On Wall Street, the combination of moderate economic growth and very low inflation is commonly called the "Goldilocks economy". But a crucial feature of the Goldilocks economy is widely misunderstood by investors, economists, and even central bankers: the apparent contradiction between high stock prices, which seem to anticipate strong economic activity, and falling bond yields, which seem to predict global recession or secular stagnation. Most economists seem to believe that stock markets are over-optimistic and wrong, while bond markets "know something" troublesome about the future and are right. Others argue the opposite. But what both sides miss is that, in a world of persistently moderate growth and persistently low inflation, seemingly optimistic stock markets and seemingly pessimistic bond markets is no contradiction. Sky-high equity prices and rock-bottom bond yields are simply sending messages about totally different subjects.

Equity prices are driven by prospects for real economic activity and the expected corporate profits that will result from it. But bond prices are driven by the prospects for inflation and the expected interest rates that will result from it. In the pre-crisis world, strong economic growth almost invariably meant higher inflation and, higher interest rates. But during the past decade, the links between economic activity, inflation, and monetary policy that were taken for granted in the 1980s and 1990s have completely broken down. The pre-crisis dogma that inflation "is always and everywhere a monetary phenomenon" has turned out to be nonsense, at least for advanced economies, where central banks have printed money like wallpaper without any inflationary response.

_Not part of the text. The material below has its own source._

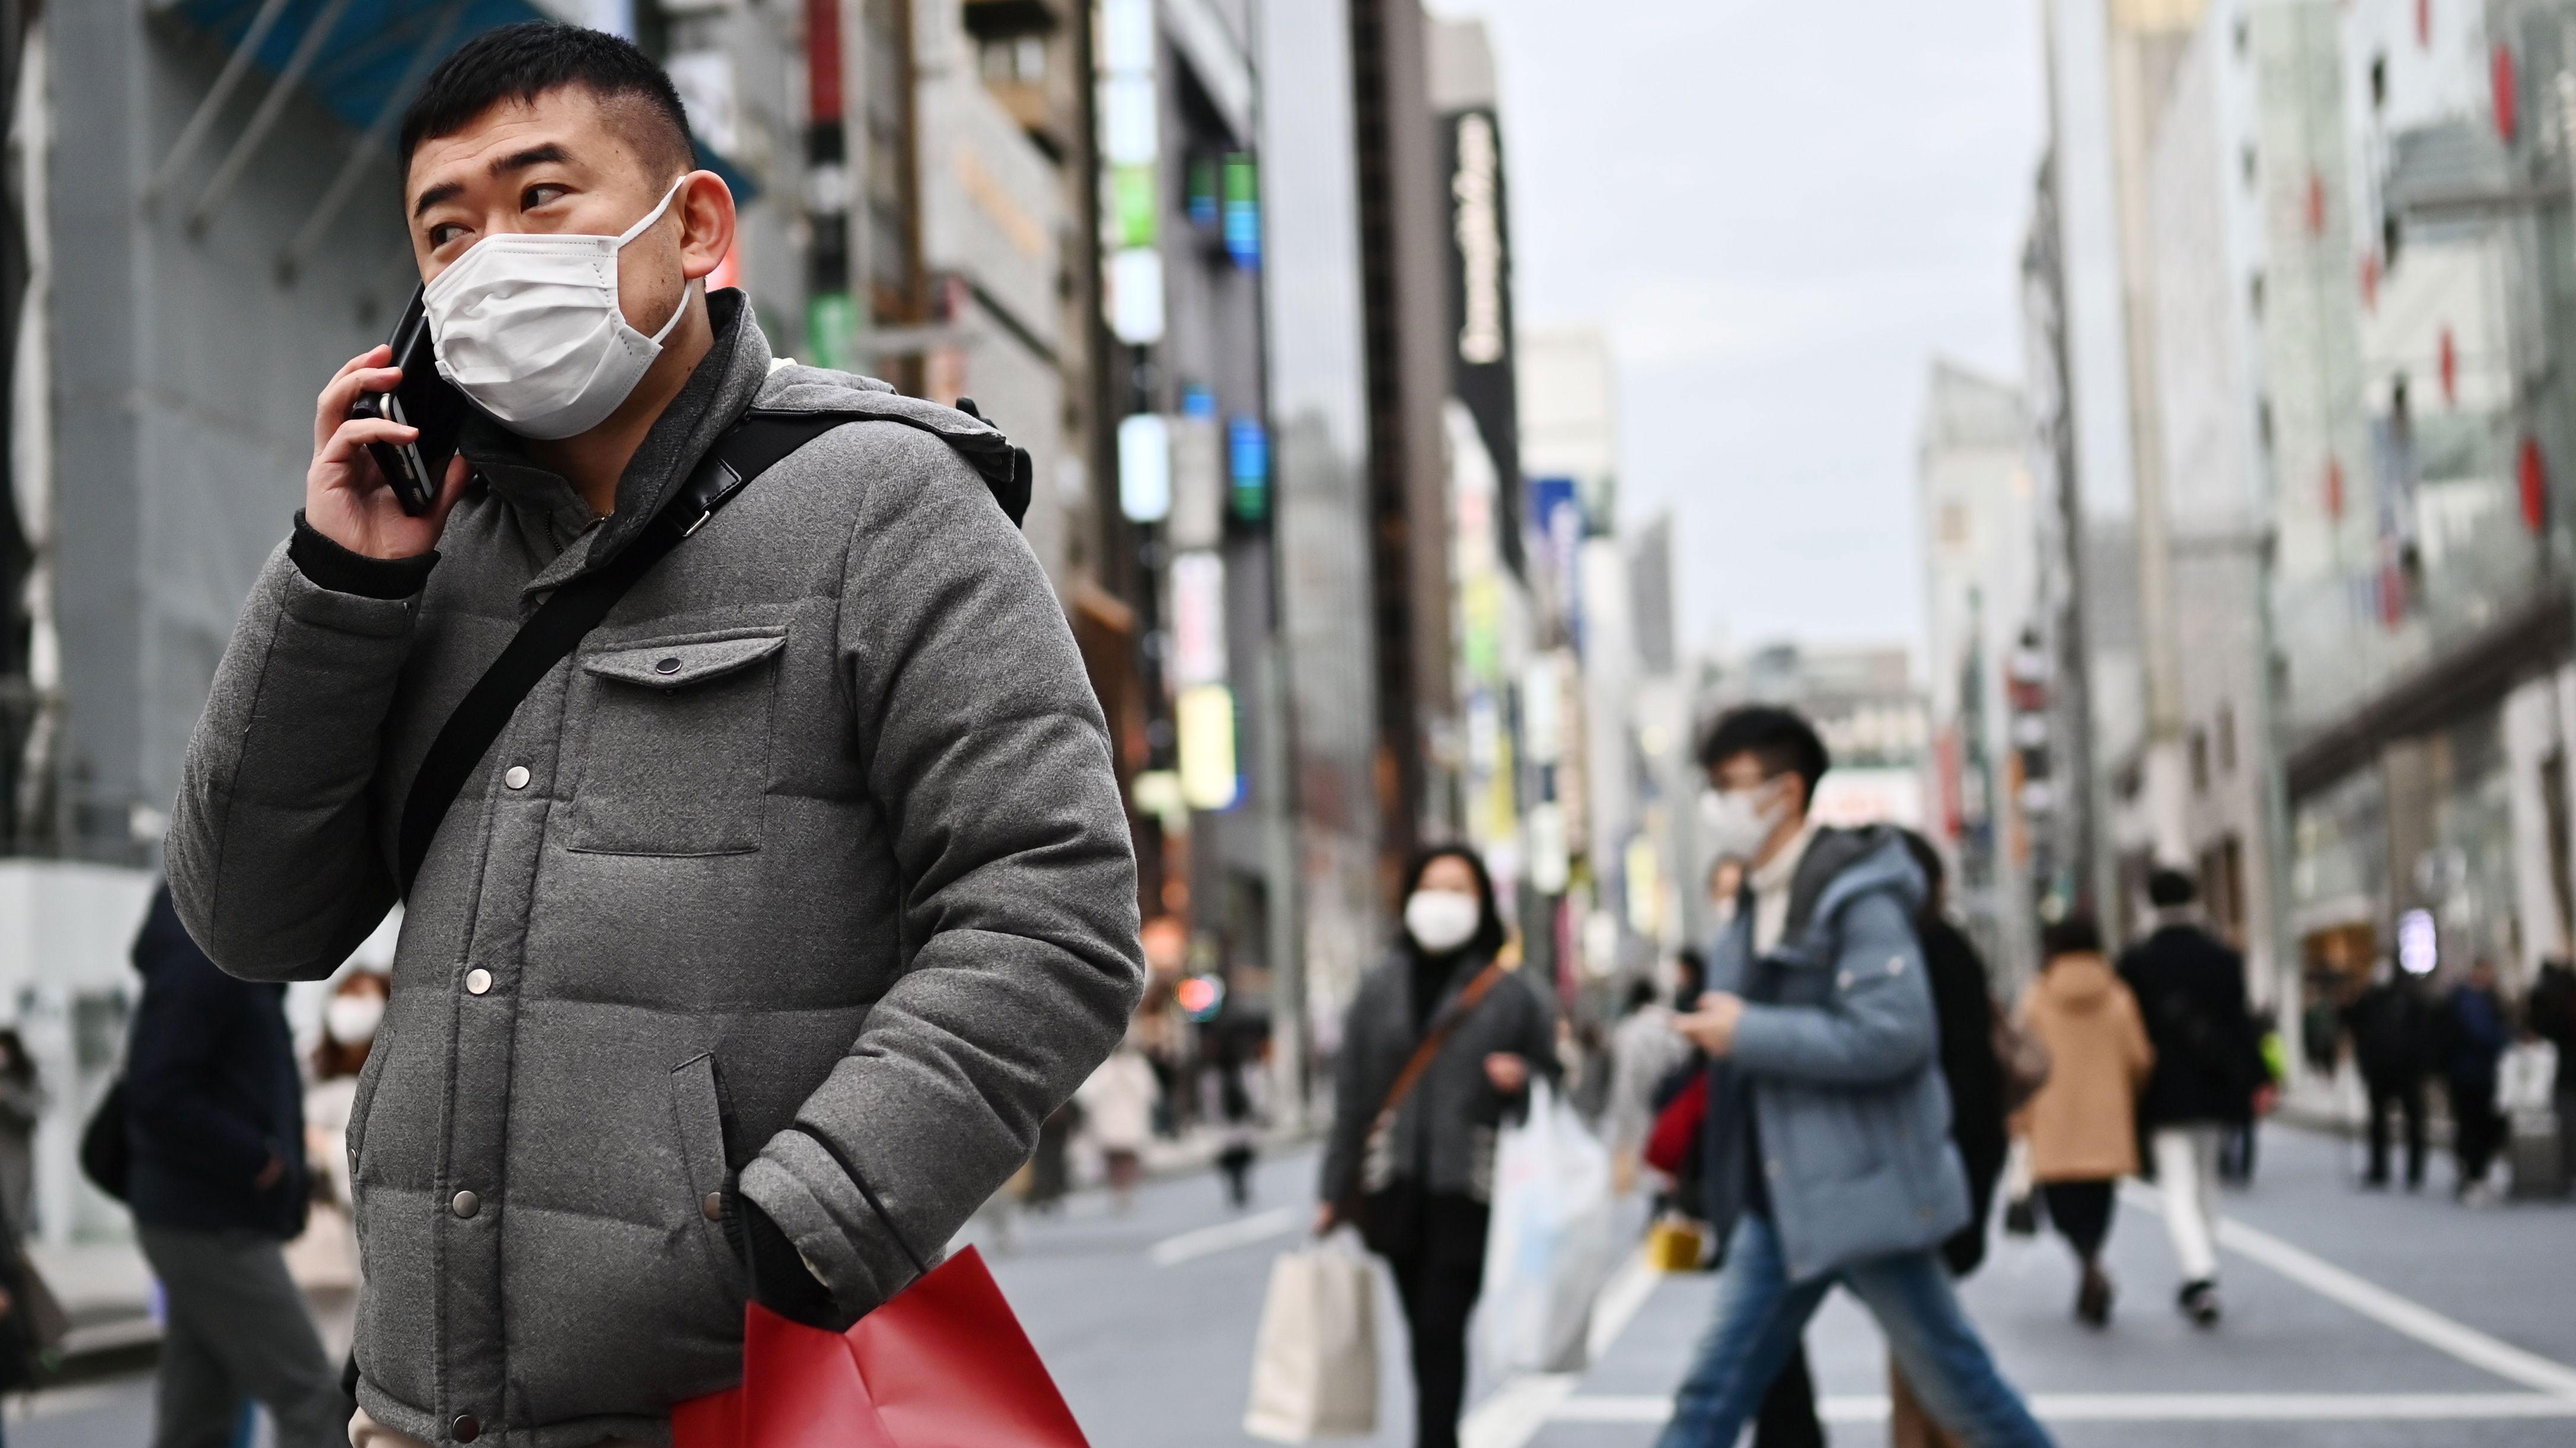 Coronavirus: Beijing suspende transporte público mientras que Wuhan prohíbe el tránsito de casi todo tipo de vehículos

The breakdown of old links between growth and inflation could be due to globalisation, technology, demographics, the weakening of organised labour, or other reasons. But whatever the causes, the consequences for financial markets should now be clear. Until the combination of steady growth and low inflation is seriously disrupted, asset prices will remain much higher and bond yields much lower than pre-crisis analysis considered normal. Sooner or later, some political shock will disrupt the happy balance of robust global growth and low inflation. But until such a shock actually happens, investors can sit back and enjoy. PROJECT SYNDICATE

The writer is chief economist and co-chairman of Gavekal Dragonomics and the author of Capitalism 4.0, The Birth of a New Economy.